Of the two, Bernstein believes the second option – a set-top substitute strategy – would lower the barriers to adoption for Apple TV and allow the device to realize higher penetrations than it would with a cable displacement strategy.

The authors also suggest the strategy could be facilitated by the July 2007 ban on cable set-tops with integrated security. Save for a handful of special waivers granted by the Federal Communications Commission (FCC) for certain "low-end" set-top box models, operators must purchase and distribute set-top boxes with CableCARD interfaces starting on July 1. (See MSOs Get Waiver on Set-Top Security.)

Once those security elements are "removable" in the form of CableCARDs, the argument follows, a swath of manufacturers (like Apple) can enter the cable set-top market and compete for the hearts and minds of the consumer. Although the model looks OK on paper, it's hard to say how well it will work in practice.

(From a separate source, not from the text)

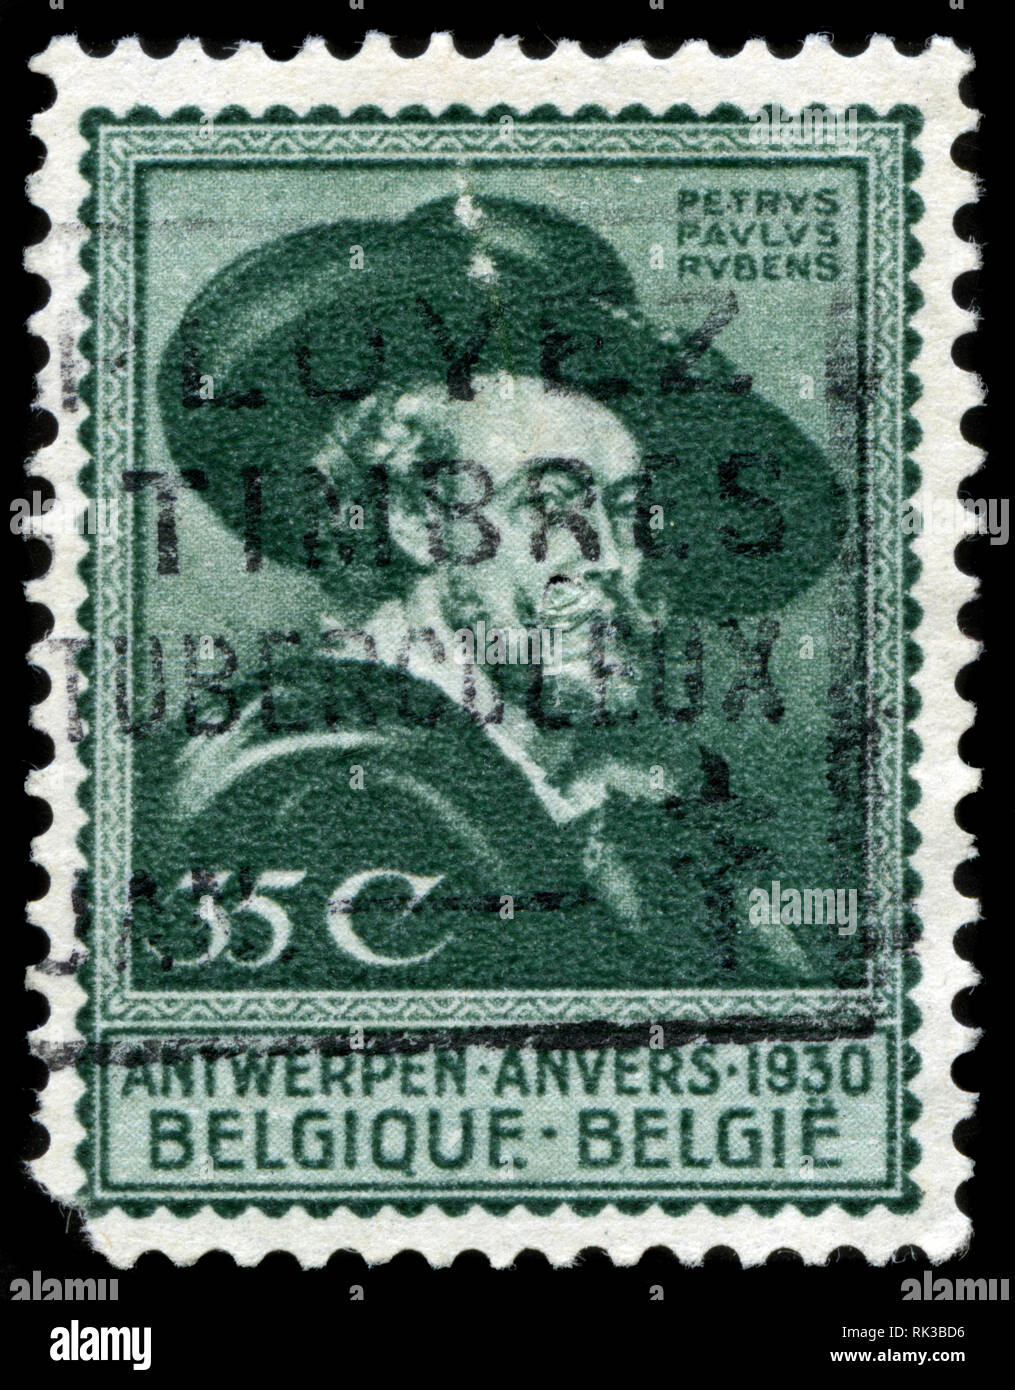 Postage stamp from Belgium issued in 1930 Stock Photo

Cable operators certainly would like to get some of those set-top box capital costs off the books, but at what price? The report rightly notes that cable operators "are likely ambivalent" about this idea, because they stand to lose control of important consumer-facing elements like the interactive program guide and navigation system, especially when a variety of interactive, two-way CableCARD "hosts" (i.e., digital set-tops and TVs) eventually reach the market. Also, an Apple TV box will be promoting iTunes content, and not necessarily the cable operator's vault of video-on-demand (VOD) fare.

"For the cable company, that would represent a potentially threatening loss of control of the consumer relationship," the analysts explain. No argument here.

Although the Bernstein report sees the CableCARD as a possible future route for Apple TV, I will be greatly surprised if that's a path Apple actually ends up taking. Apple, like the cable operators, isn't too keen on handing over control to anyone. With that in mind, I think Apple TV will play its over-the-top, download strategy to the hilt.

But even that strategy has some tough history to overcome. Many have come to market with "special" set-tops or boxes with Ethernet interfaces, believing customers will snap them up without hesitation. The truth is, very few have been successful at this strategy.

Akimbo Systems , for example, has stopped offering its Internet-fed content service to RCA-made set-tops, opting instead to distribute content through the AT&T Inc. (NYSE: T) HomeZone service and via other partnerships.

So confident were Cisco Systems Inc. (Nasdaq: CSCO) and The Walt Disney Company in the resurrected version of MovieBeam Inc. (which used datacasting, with a broadband strategy on deck) that they realized the best move would be to sell it to Movie Gallery, a movie rental store chain.

TiVo Inc. (Nasdaq: TIVO), of course, has a broadband content strategy that complements its bread and butter digital video recorder business, and has a sizable installed subscriber base (the company had 1.7 million "Tivo-owned" subs as of Jan. 31, 2007) to help get that rolling. But I'll be astonished if that strategy directly generates much subscriber growth, since 2.7 million TiVo customers still come by way of its phasing-out relationship with DirecTV Group Inc. (NYSE: DTV). Sure, TiVo might get some help from its relationships with Comcast Corp. (Nasdaq: CMCSA, CMCSK) and Cox Communications Inc. , but I'm not holding my breath, because there's no proof yet that many cable customers will pay a premium for those TiVo capabilities when they can pay the operator less for a more "generic" DVR.

The latest and greatest service that's supposed to strike fear into cable and other traditional TV service suppliers is VUDU Inc., which almost broke the hype meter when it came out in late April with deals with several name studios in tow. That service, like so many before it, will require a separate box. Good luck with that.

While Apple will probably find some tough sledding with its big-screen TV play, it's still hard to discount it completely. Out of all the players mentioned here, if I had to bet on one that will find a way to make it work, I'd push all my chips on Apple TV. But I'd do so believing that the money put on the table is probably as good as gone.